_Data for review_
========================

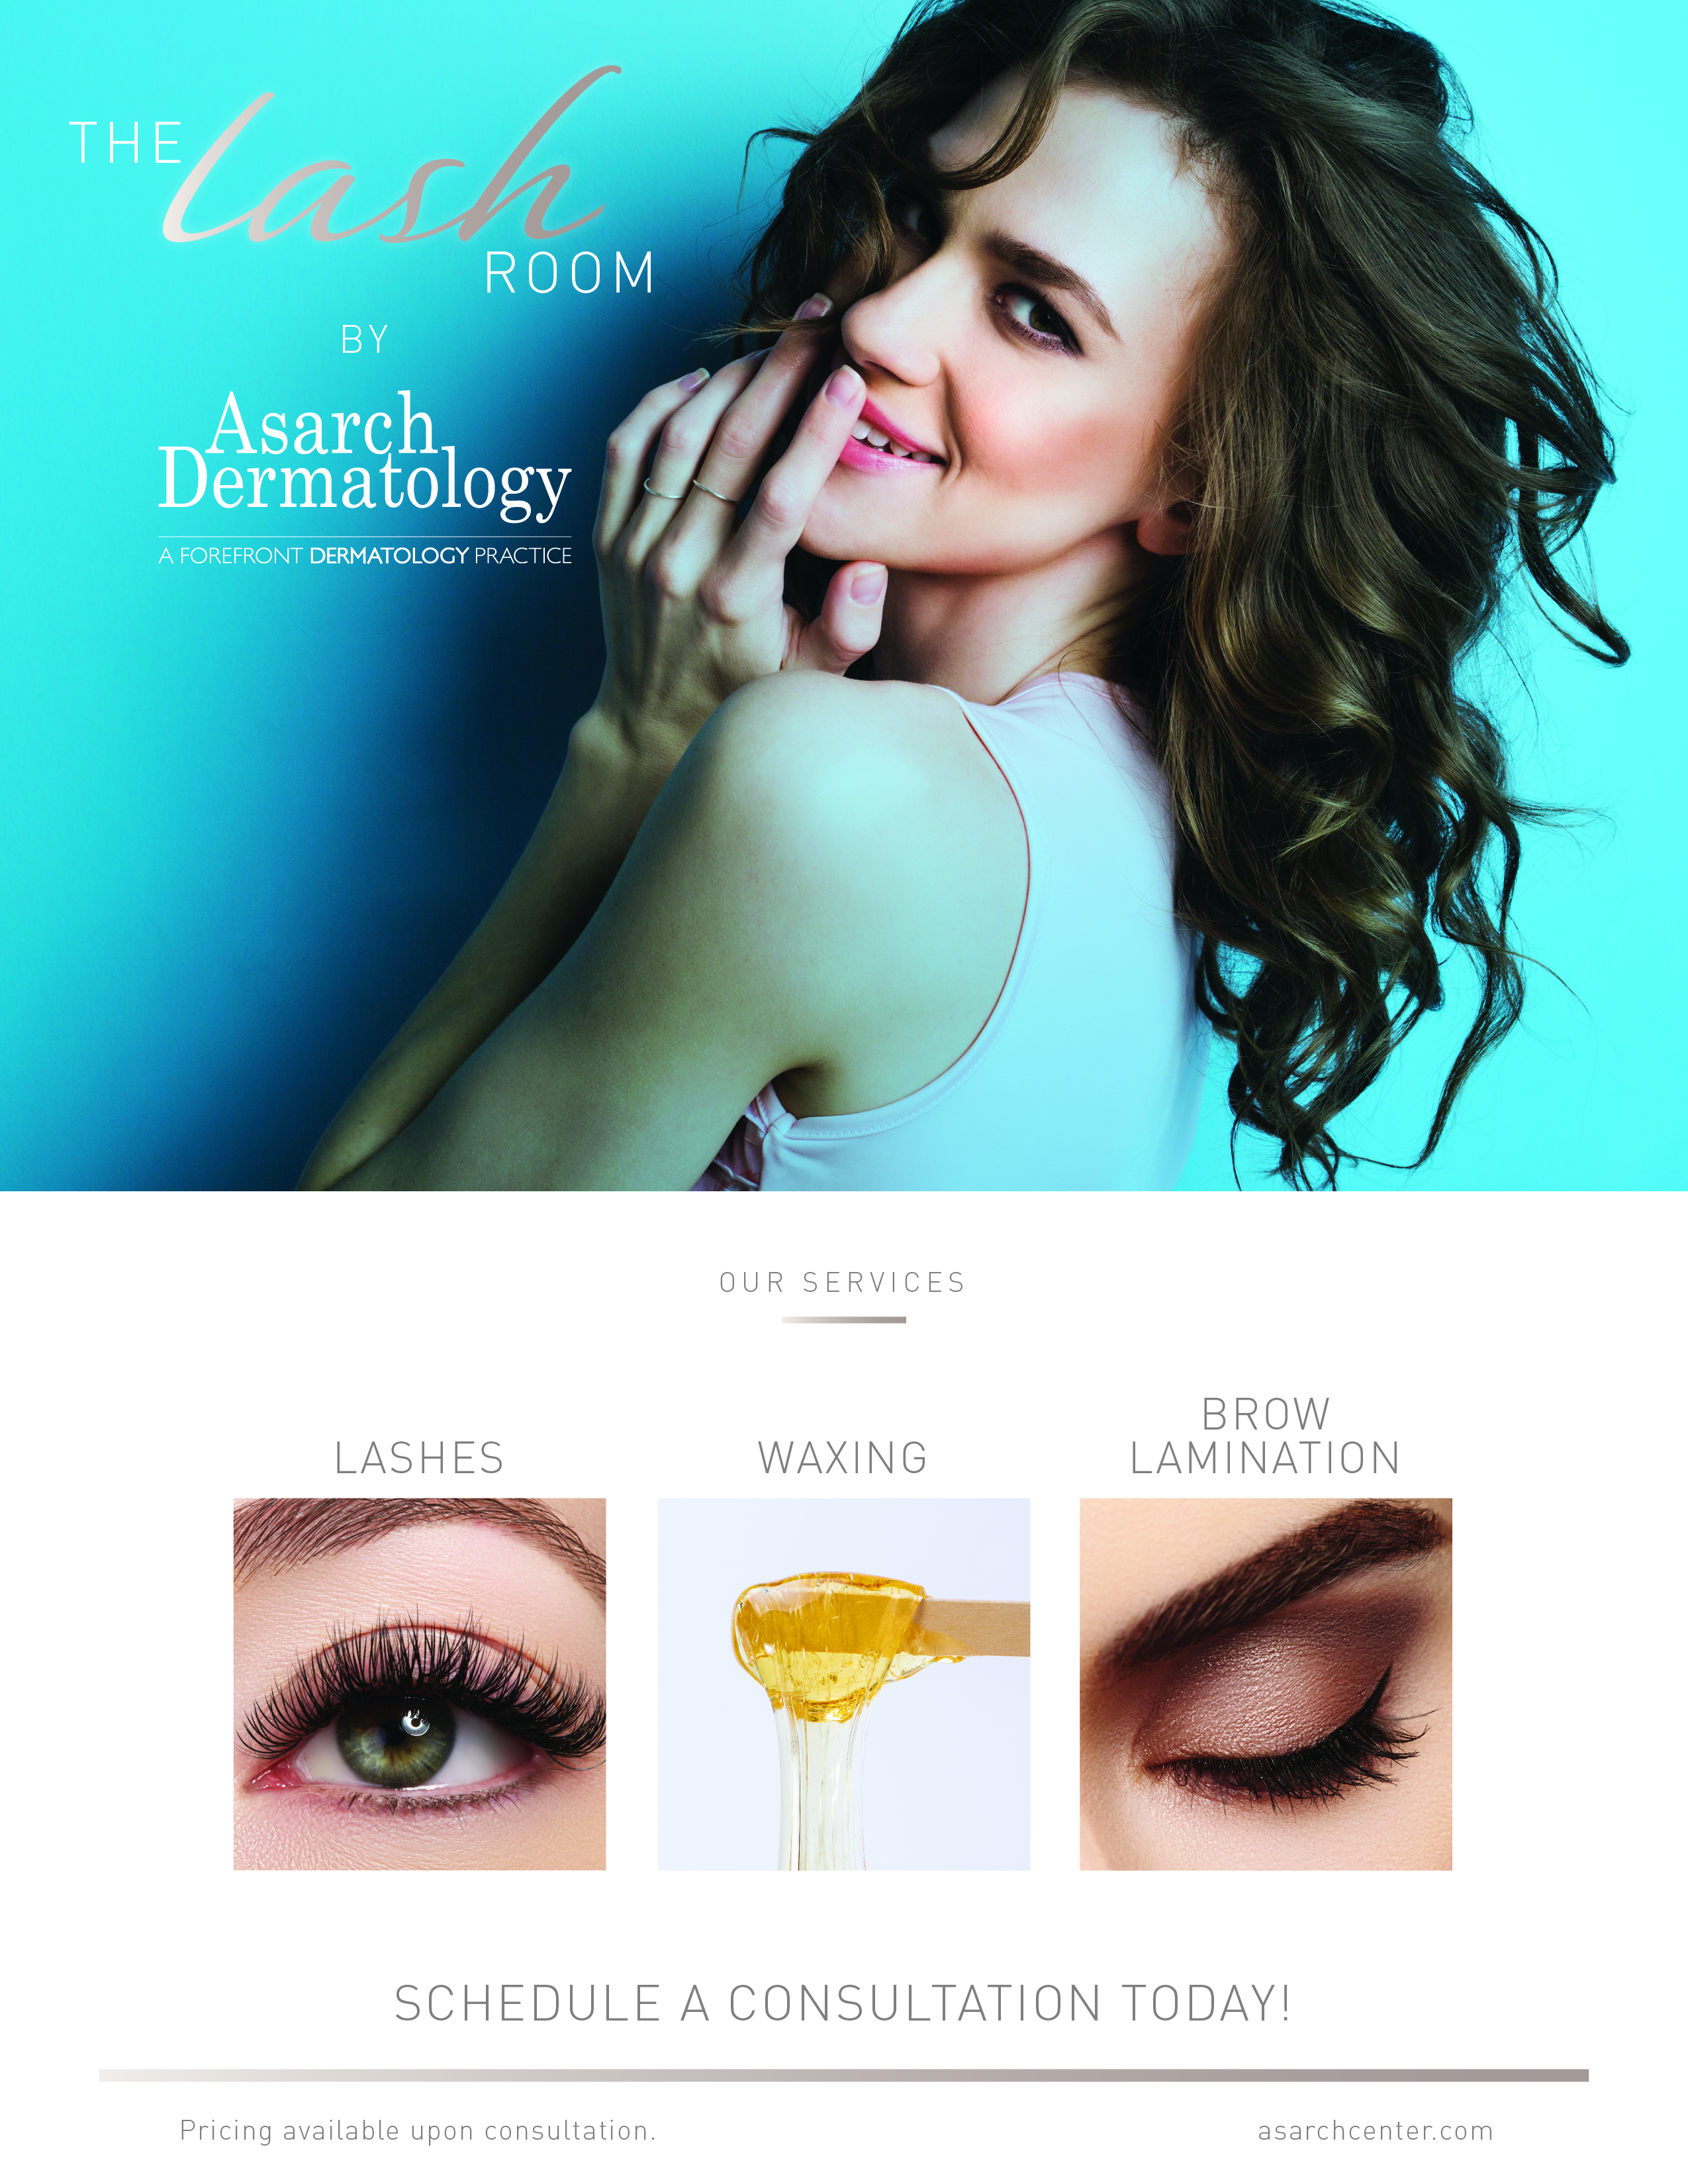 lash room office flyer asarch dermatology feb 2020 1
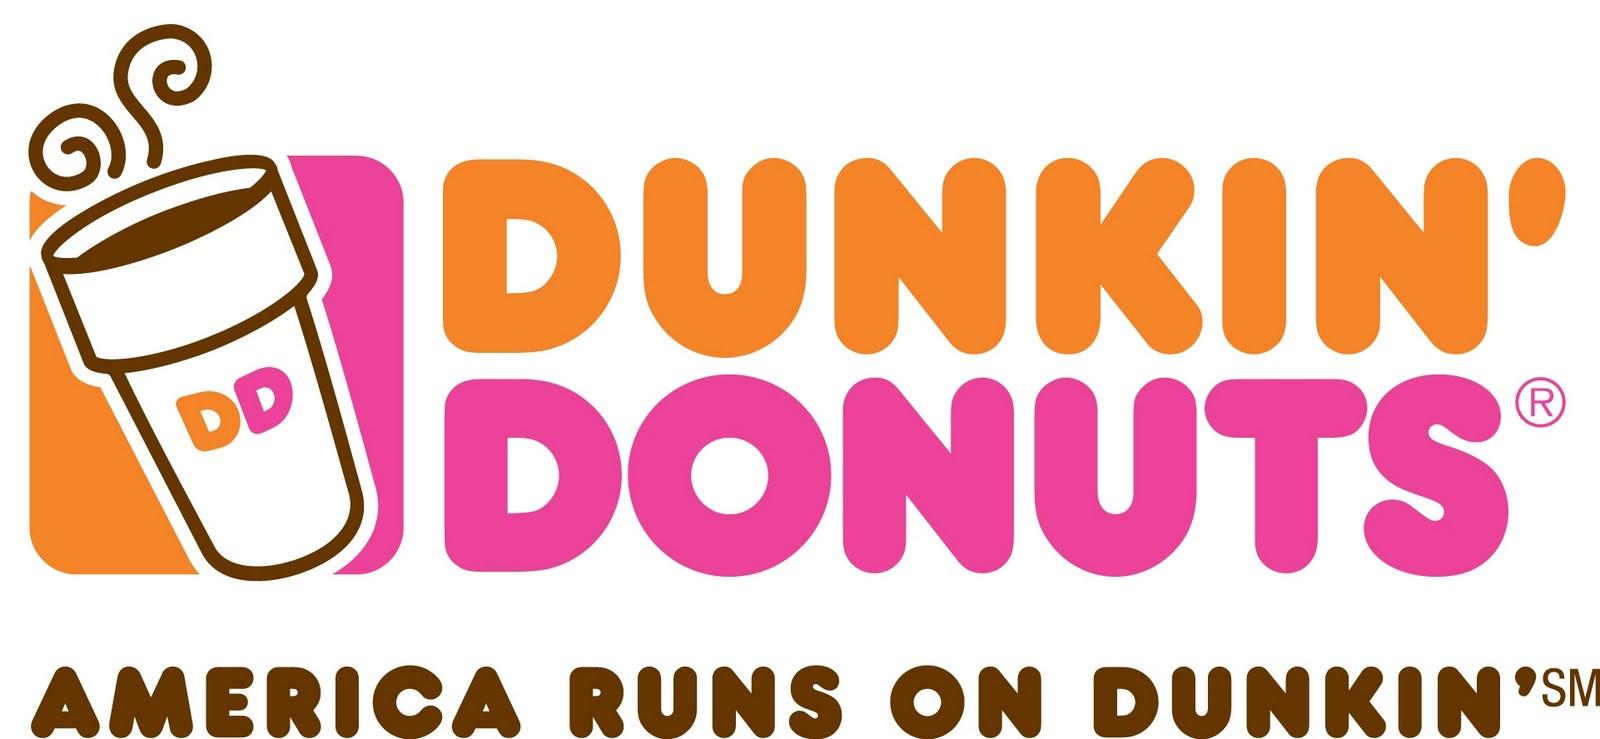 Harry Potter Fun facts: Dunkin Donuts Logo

========================

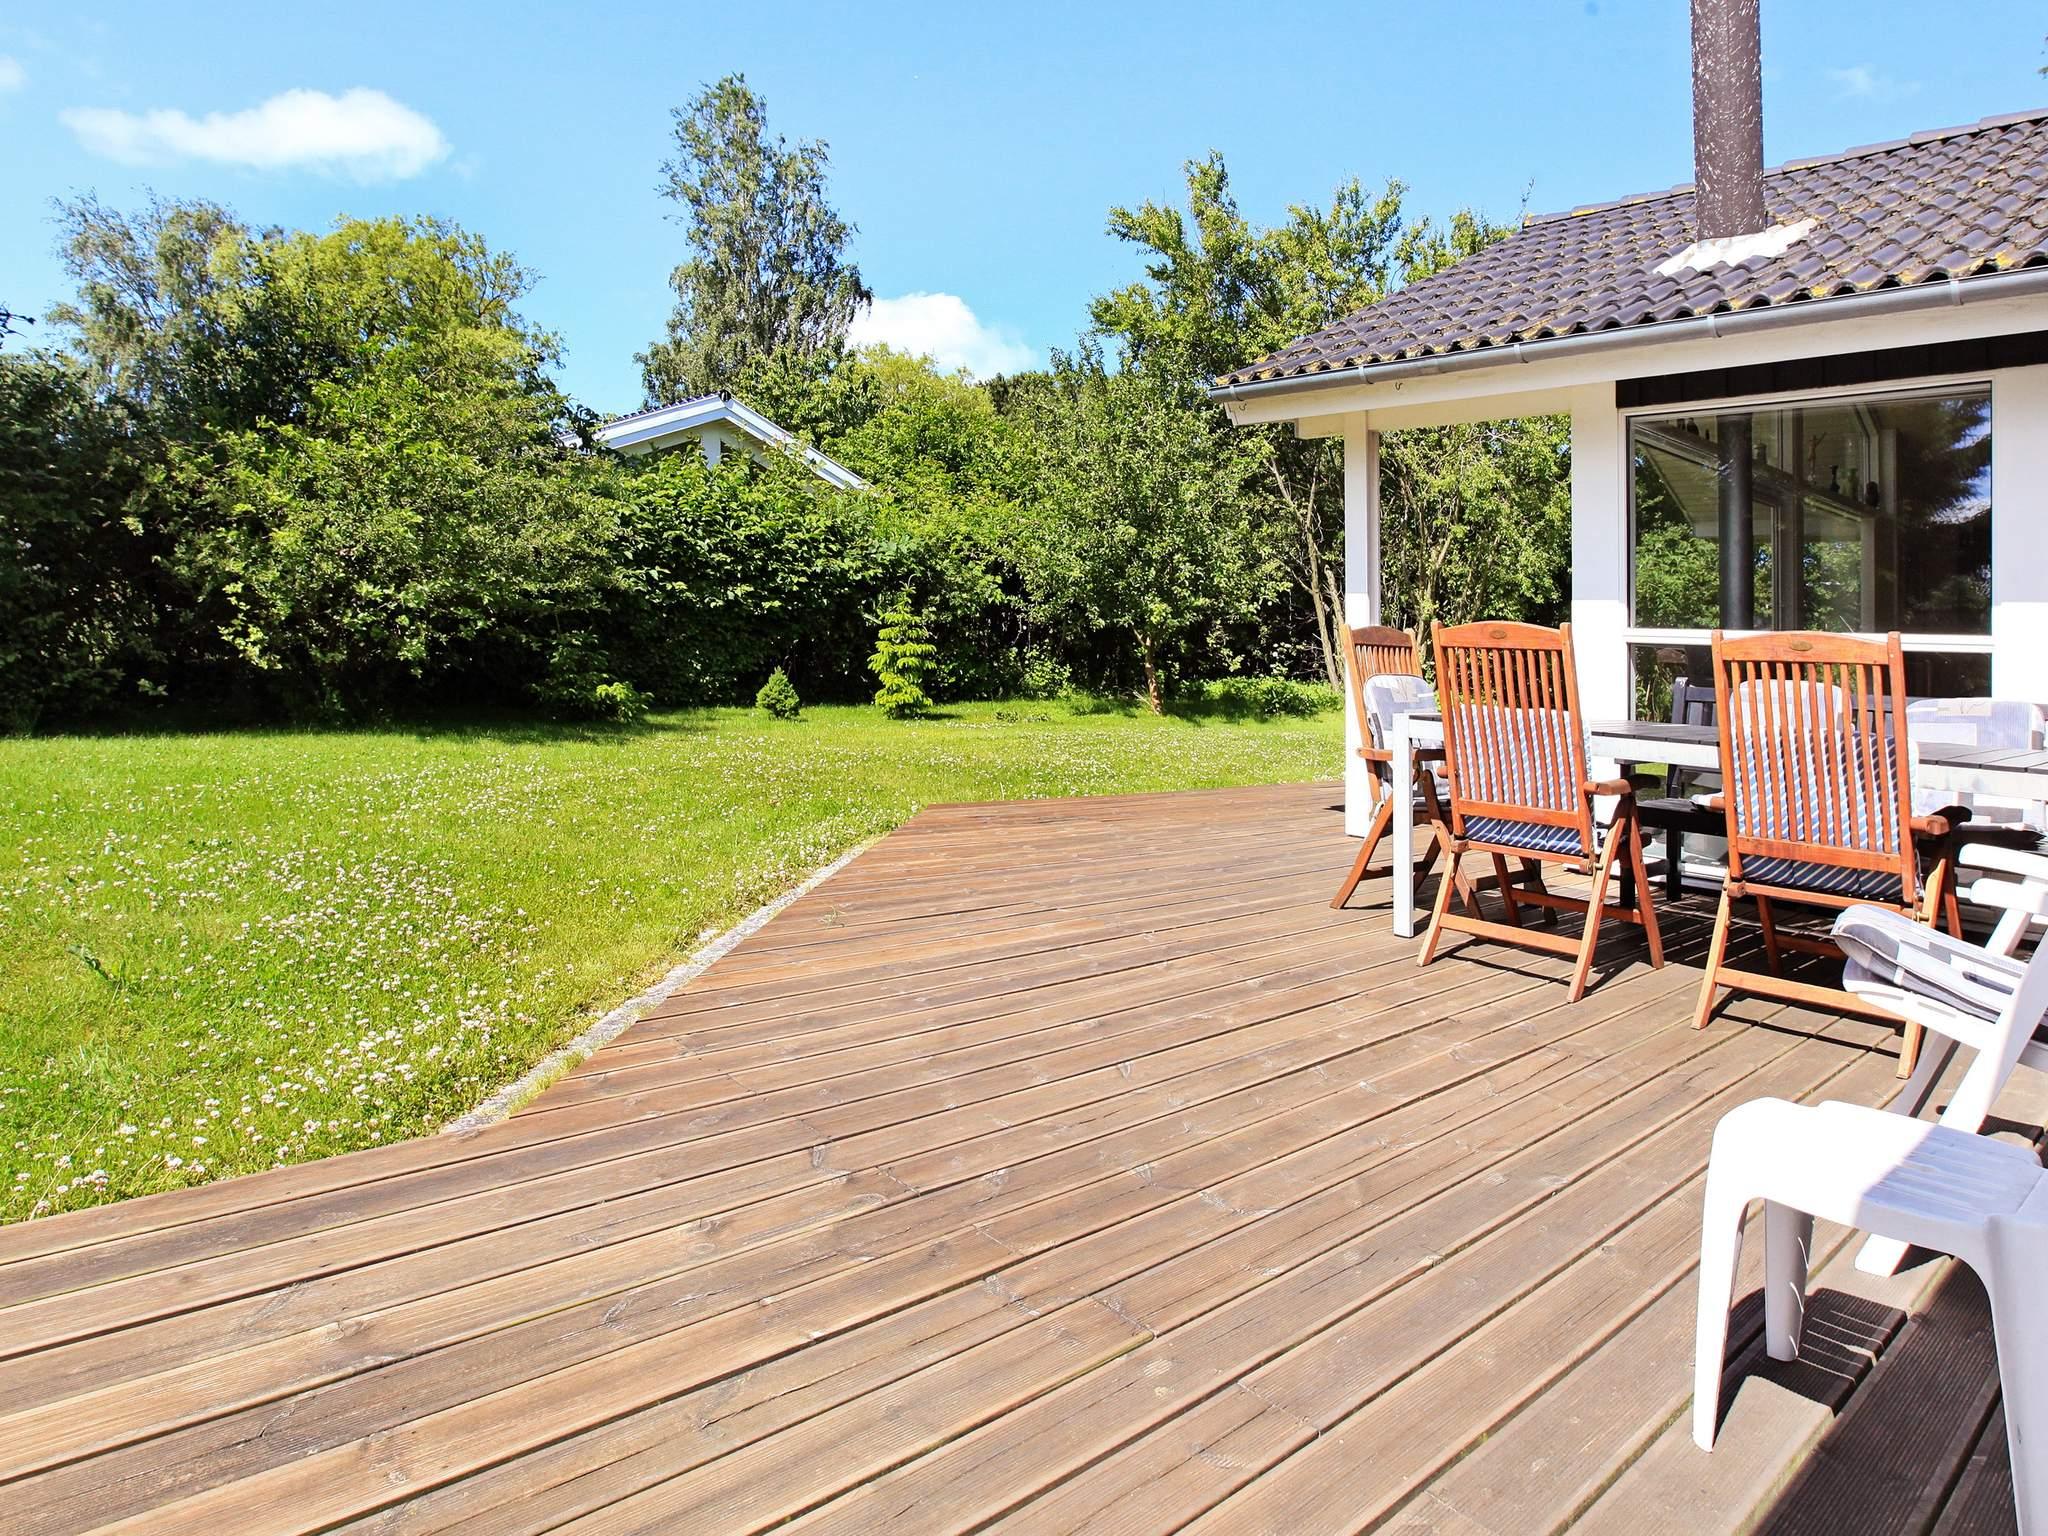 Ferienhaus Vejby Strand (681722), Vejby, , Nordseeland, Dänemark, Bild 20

========================

With the pictures left out, write out exactly the lines above from the one containing "lash room office" through the one containing "Harry Potter Fun facts: Dunkin Donuts Logo".

_Task answer_
 lash room office flyer asarch dermatology feb 2020 1
 Harry Potter Fun facts: Dunkin Donuts Logo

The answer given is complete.